Byline: Bo. Sun, Zhao-Hui. Chen, Li. Ling, Yi-Fan. Li, Li-Zhi. Liu, Fei. Yang, Xu-Sheng. Huang

Background: Among patients with Charcot–Marie–Tooth disease (CMT), the X-linked variant (CMTX) caused by gap junction protein beta 1 (GJB1) gene mutation is the second most frequent type, accounting for approximately 90% of all CMTX. More than 400 mutations have been identified in the GJB1 gene that encodes connexin 32 (CX32). CX32 is thought to form gap junctions that promote the diffusion pathway between cells. GJB1 mutations interfere with the formation of the functional channel and impair the maintenance of peripheral myelin, and novel mutations are continually discovered. Methods: We included 79 unrelated patients clinically diagnosed with CMT at the Department of Neurology of the Chinese People's Liberation Army General Hospital from December 20, 2012, to December 31, 2015. Clinical examination, nerve conduction studies, and molecular and bioinformatics analyses were performed to identify patients with CMTX1. Results: Nine GJB1 mutations (c.283G>A, c.77C>T, c.643C>T, c.515C>T, c.191G>A, c.610C>T, c.490C>T, c.491G>A, and c.44G>A) were discovered in nine patients. Median motor nerve conduction velocities of all nine patients were < 38 m/s, resembling CMT Type 1. Three novel mutations, c.643C>T, c.191G>A, and c.610C>T, were revealed and bioinformatics analyses indicated high pathogenicity.

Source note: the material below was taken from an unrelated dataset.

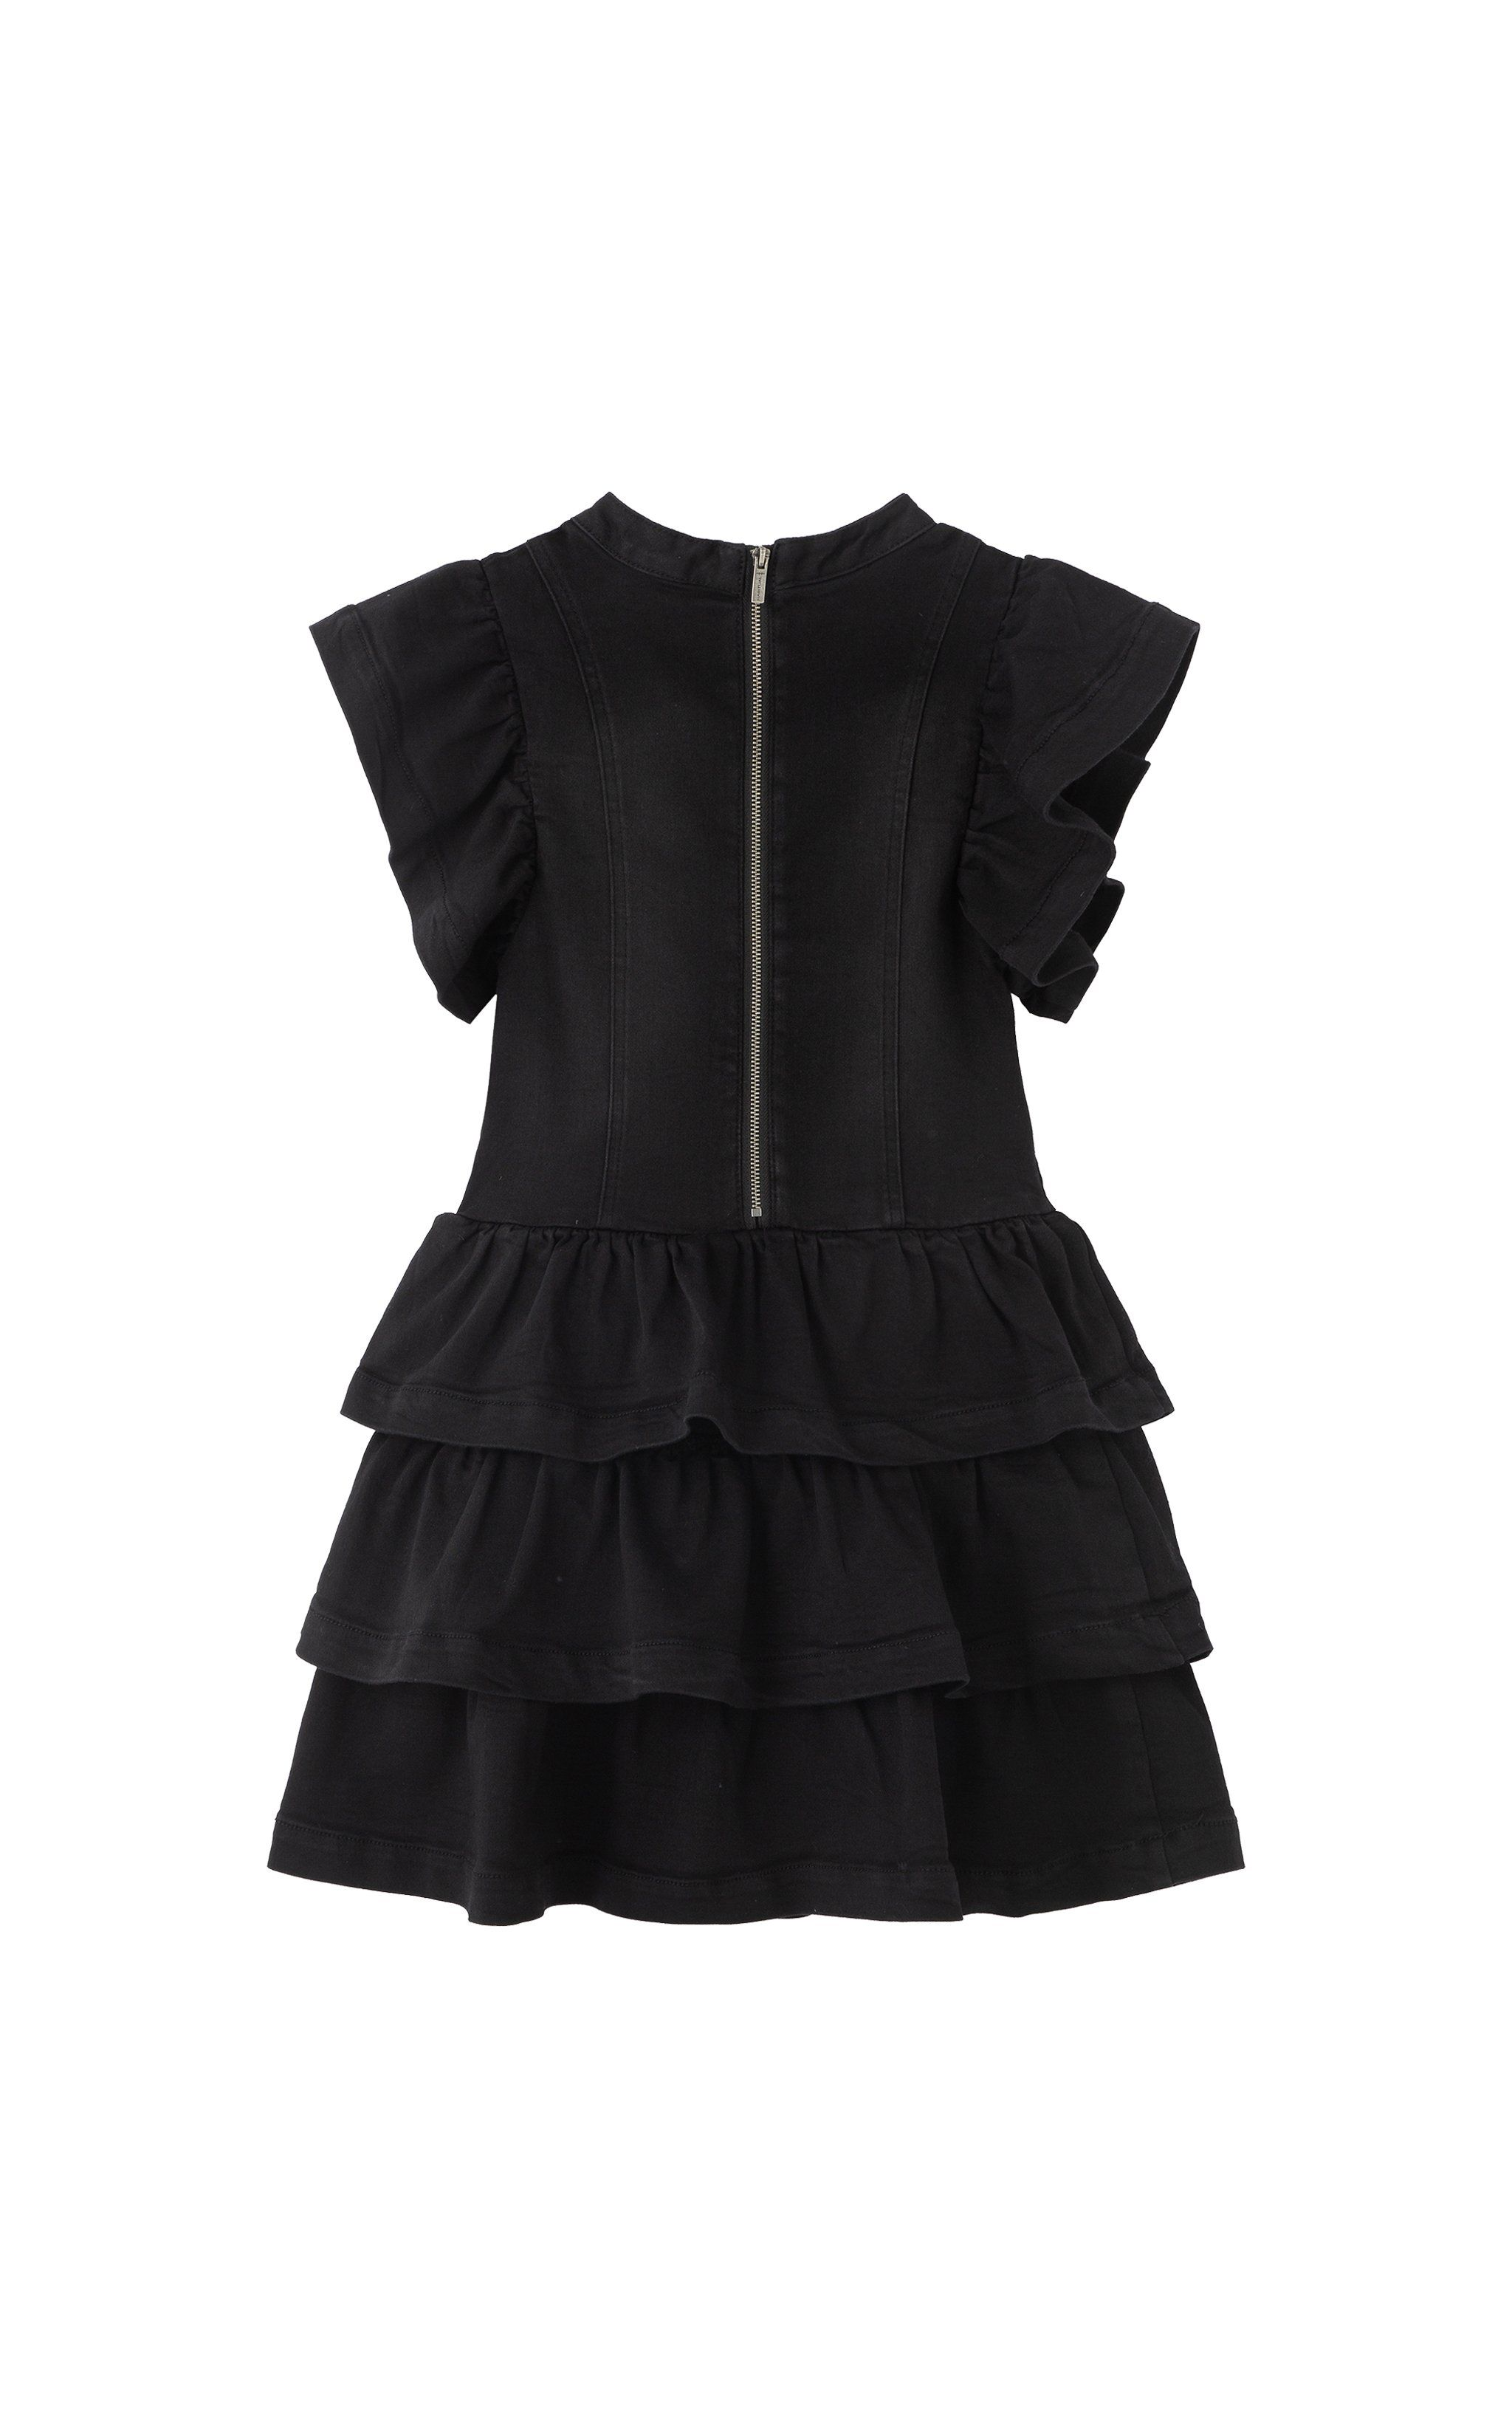 Paeton Tiered Ruffle Denim Dress 7 16 Habitual Denim Ruffle Dress Denim Dress Tiered Ruffle Dress [ 3277 x 2048 Pixel ]
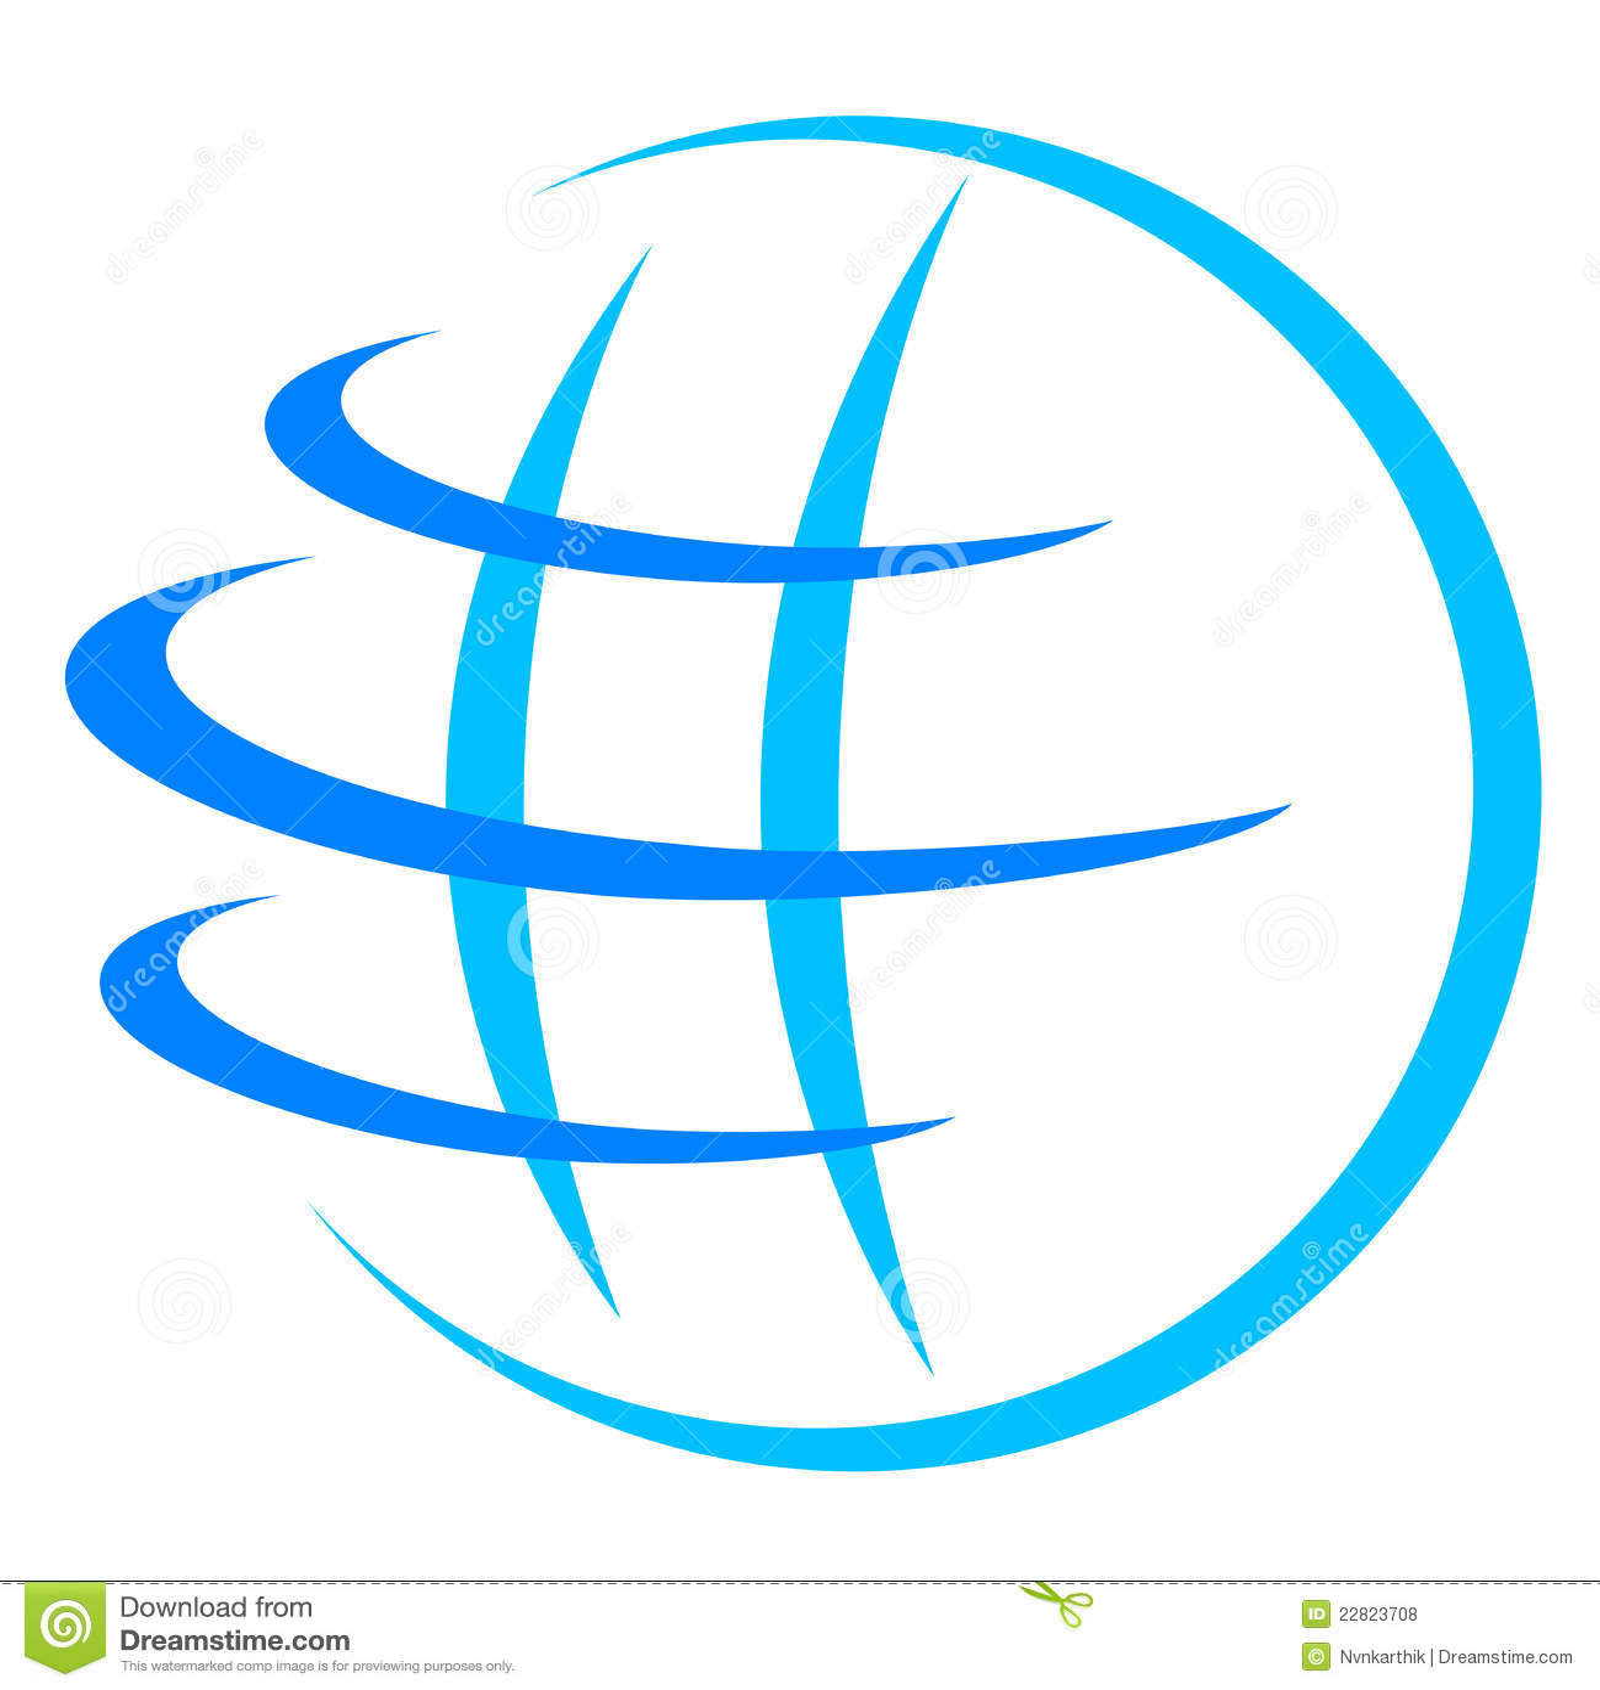 Globe Logo Royalty Free Stock Photos Image 22823708

Conclusions: The three novel missense mutations within the GJB1 gene broaden the mutational diversity of CMT1X. Molecular analysis of family members and bioinformatics analyses of the afflicted patients confirmed the pathogenicity of these mutations.

Introduction

Charcot–Marie–Tooth disease (CMT), with a worldwide incidence of 1 in 2500, is the most common hereditary sensorimotor neuropathy, comprising a group of clinically and genetically heterogeneous peripheral neuropathies.[sup][1],[2] CMT is characterized by progressive distal muscle atrophy and weakness, sensory disturbance, the absence of deep tendon reflexes, and pes cavus deformity of the foot.[sup][2],[3] On the basis of median motor nerve conduction velocity (MCV), CMT is classified into Type 1 (CMT1; demyelinating, MCV <38 m/s; slower nerve conduction) and Type 2 (CMT2; axonal, MCV >38 m/s; slower nerve conduction). On the other hand, genetic testing provides an exact diagnosis of a specific subtype of CMT, including CMT1A, CMT1B, CMT1C, CMT1D, CMT1F, CMTX1, CMT2A1, CMT2A2, CMT2B, and CMT2O. X-linked CMT (CMTX) is an intermediate form of CMT and patients typically have “intermediate” slowing of nerve conduction velocities, faster than in CMT1 and slower than in most CMT2 patients.[sup][4],[5]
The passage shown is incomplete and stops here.